■ ACTIVITY: Retype each entry exactly. Skip any pictures.

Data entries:
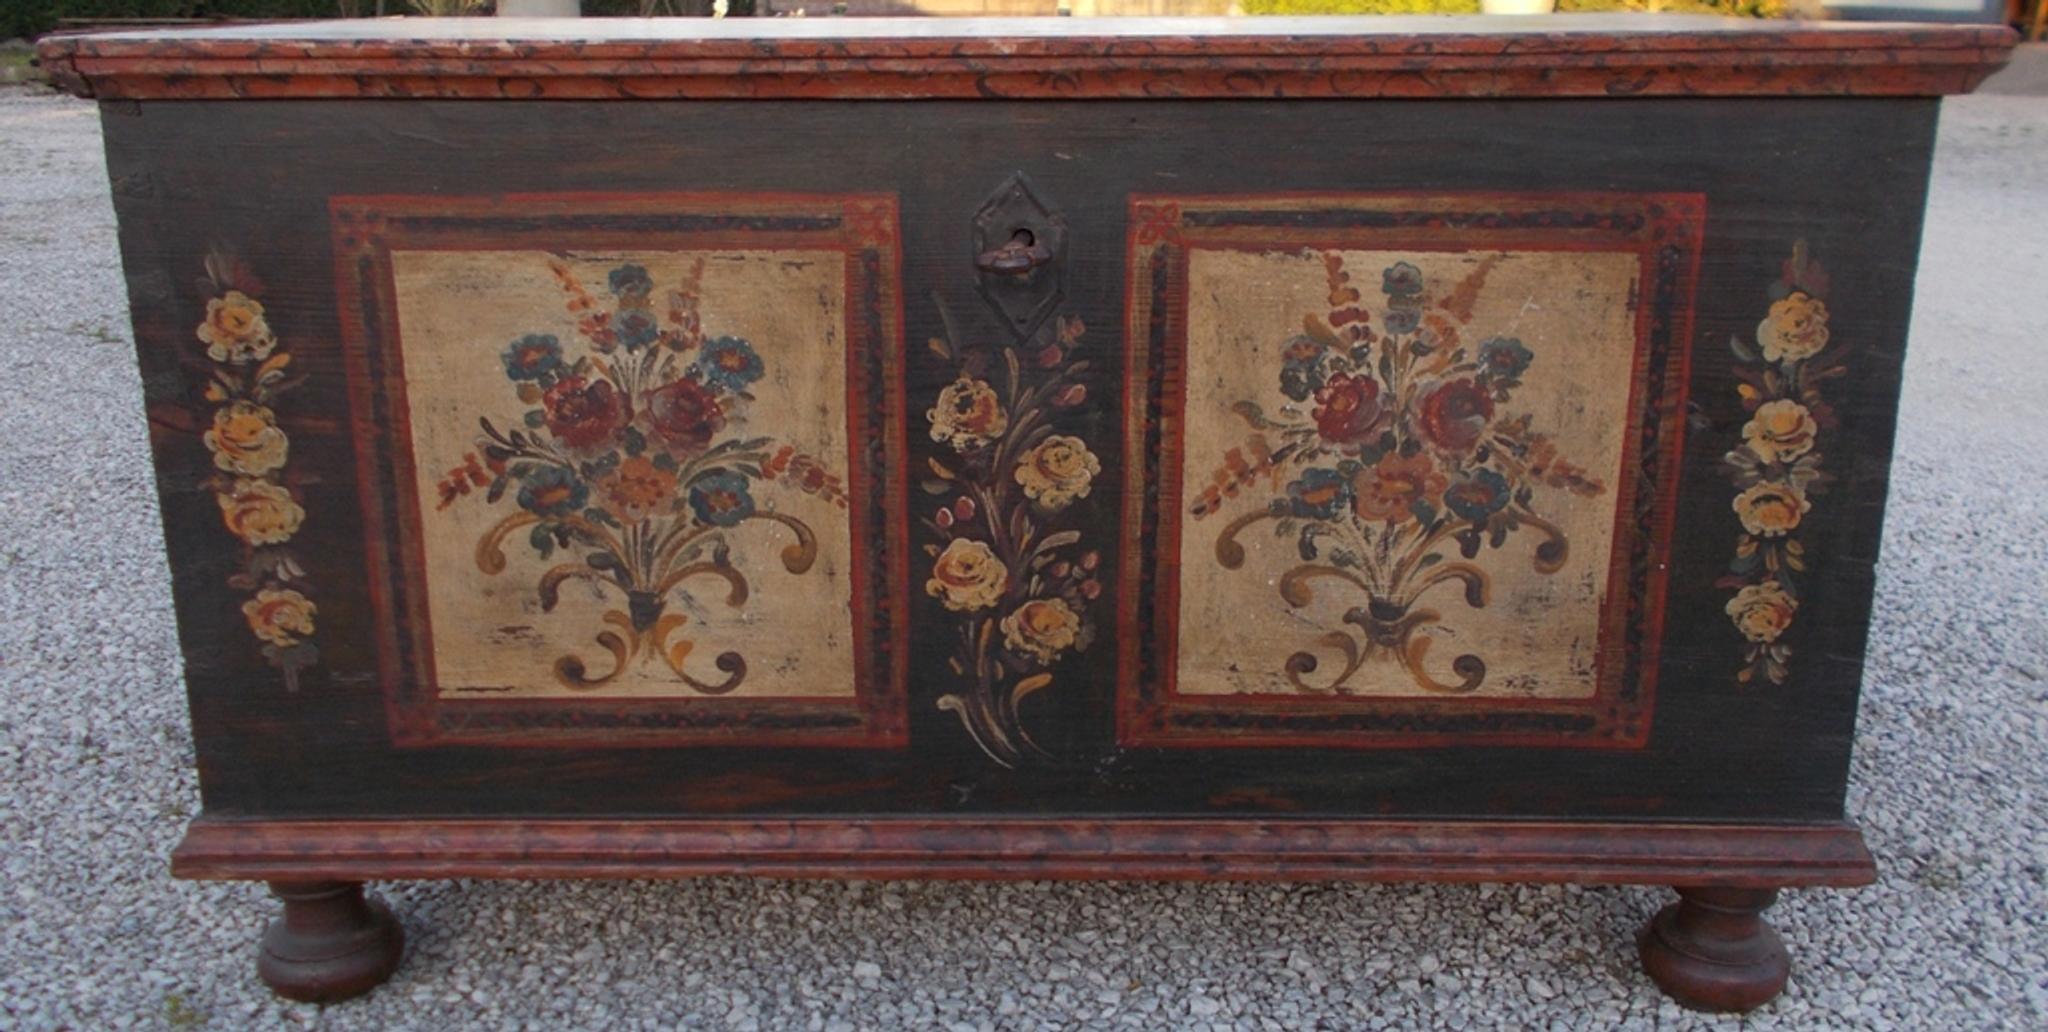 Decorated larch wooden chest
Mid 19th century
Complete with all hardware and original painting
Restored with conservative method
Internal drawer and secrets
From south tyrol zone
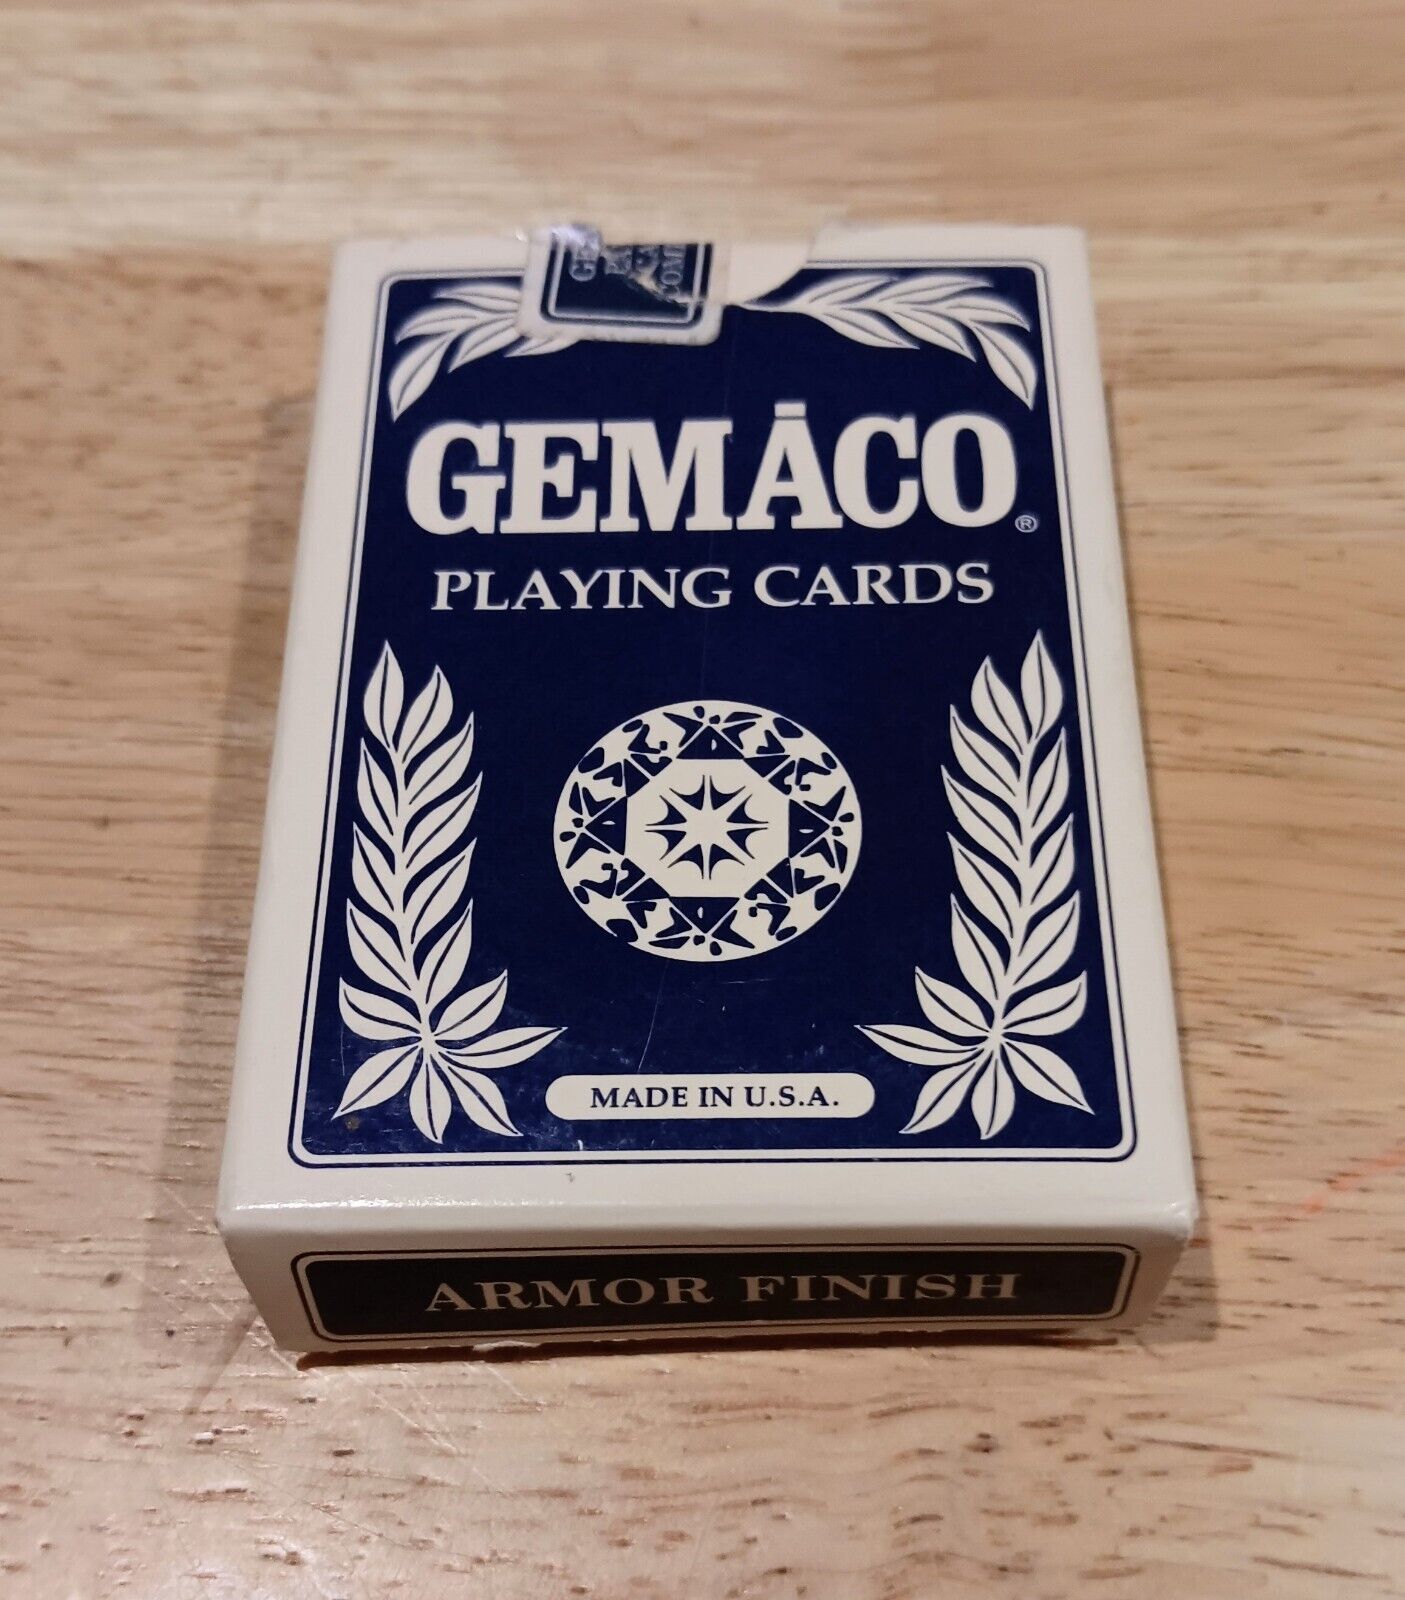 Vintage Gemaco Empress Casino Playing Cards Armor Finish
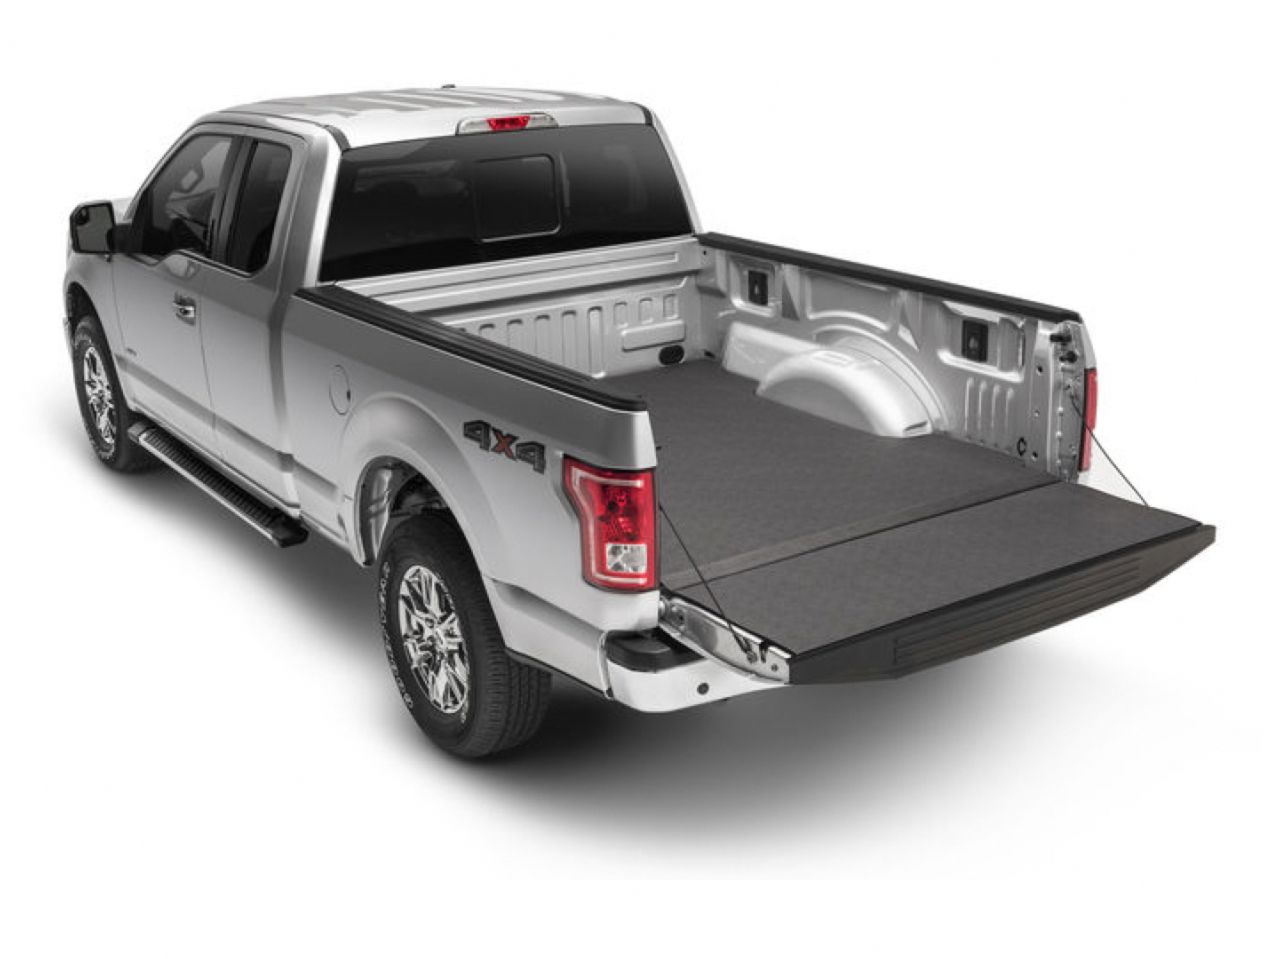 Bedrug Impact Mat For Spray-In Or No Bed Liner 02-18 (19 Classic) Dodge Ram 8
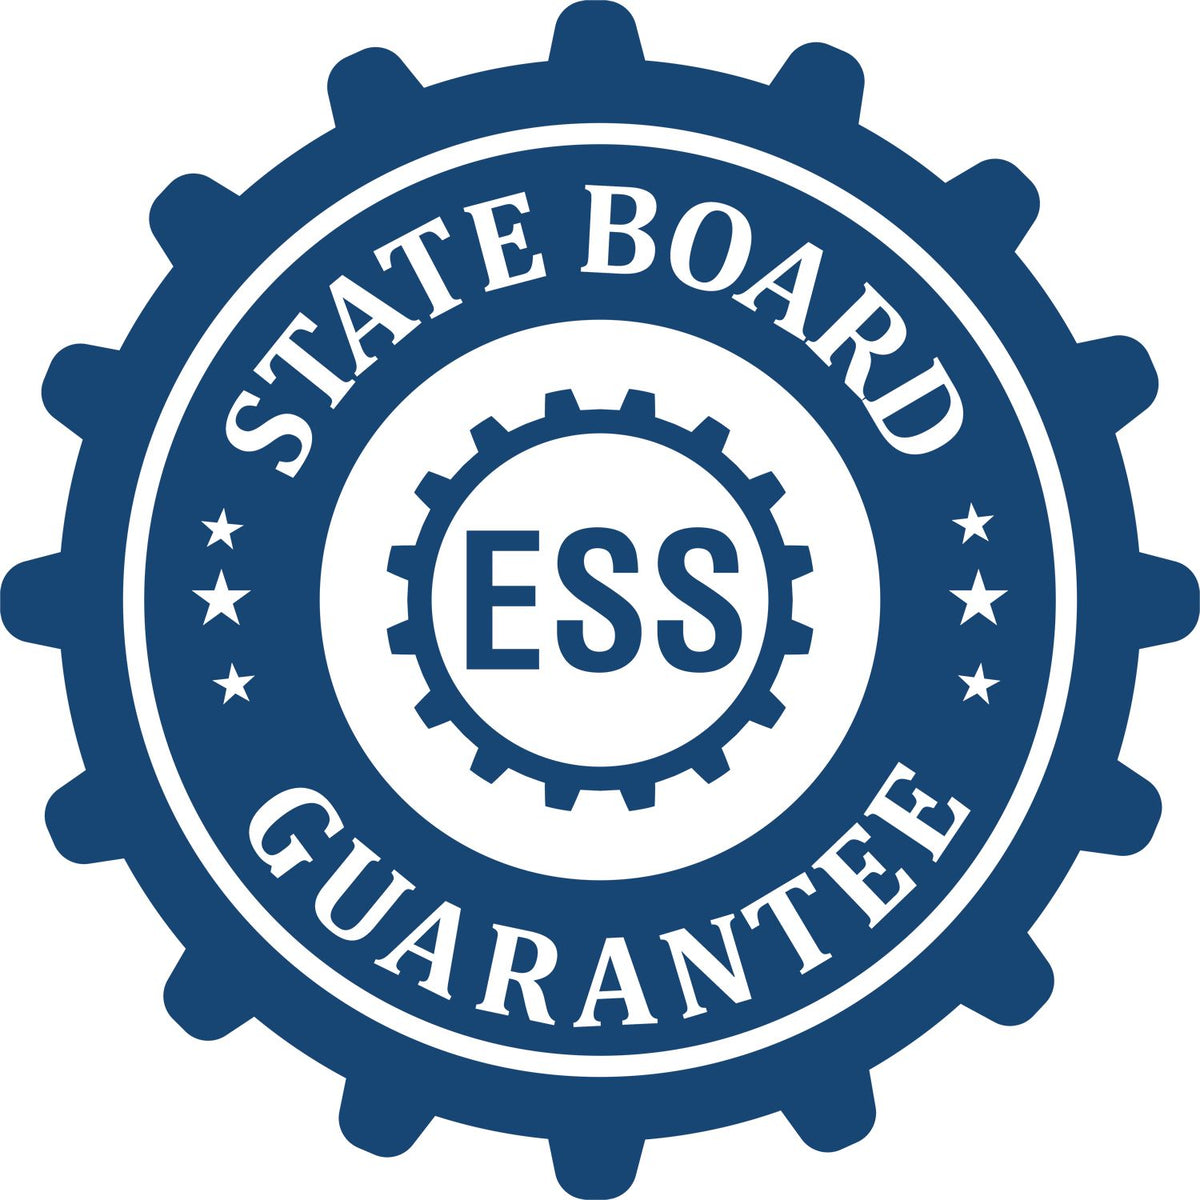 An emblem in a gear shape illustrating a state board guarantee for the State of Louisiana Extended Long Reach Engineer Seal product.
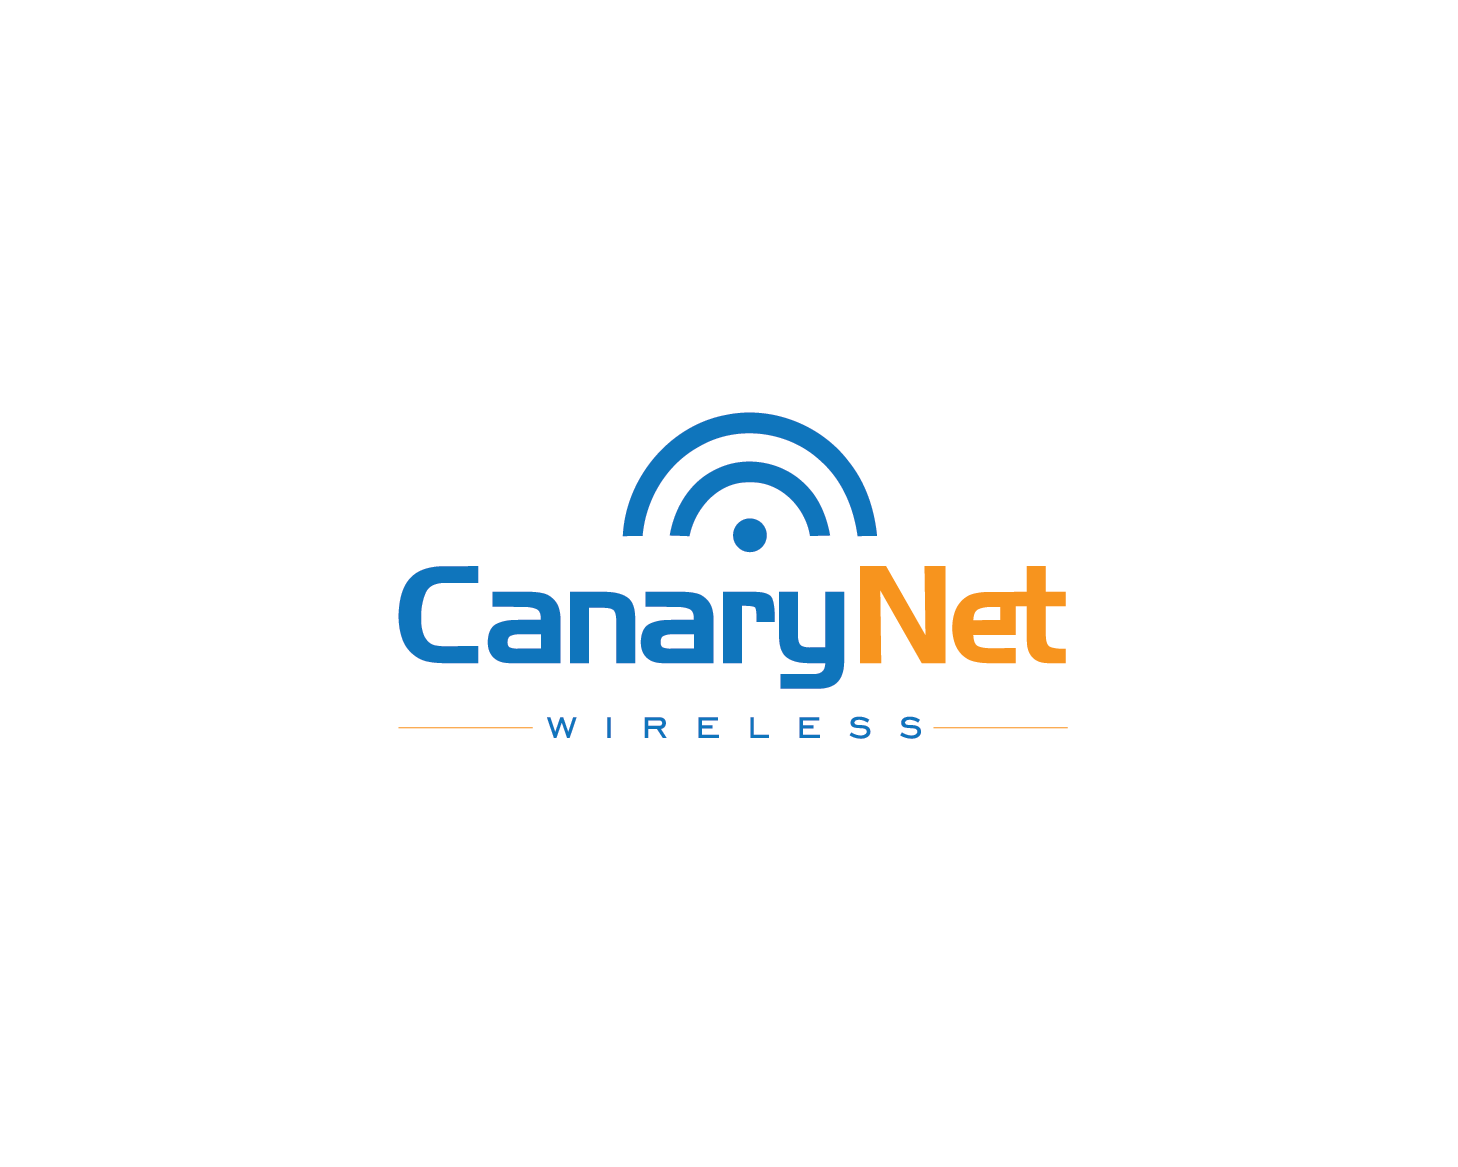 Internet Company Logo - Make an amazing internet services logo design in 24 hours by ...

■ ANSWER SPACE:
 Decorated larch wooden chest
Mid 19th century
Complete with all hardware and original painting
Restored with conservative method
Internal drawer and secrets
From south tyrol zone
 Vintage Gemaco Empress Casino Playing Cards Armor Finish
 Bedrug Impact Mat For Spray-In Or No Bed Liner 02-18 (19 Classic) Dodge Ram 8
 An emblem in a gear shape illustrating a state board guarantee for the State of Louisiana Extended Long Reach Engineer Seal product.
 Internet Company Logo - Make an amazing internet services logo design in 24 hours by ...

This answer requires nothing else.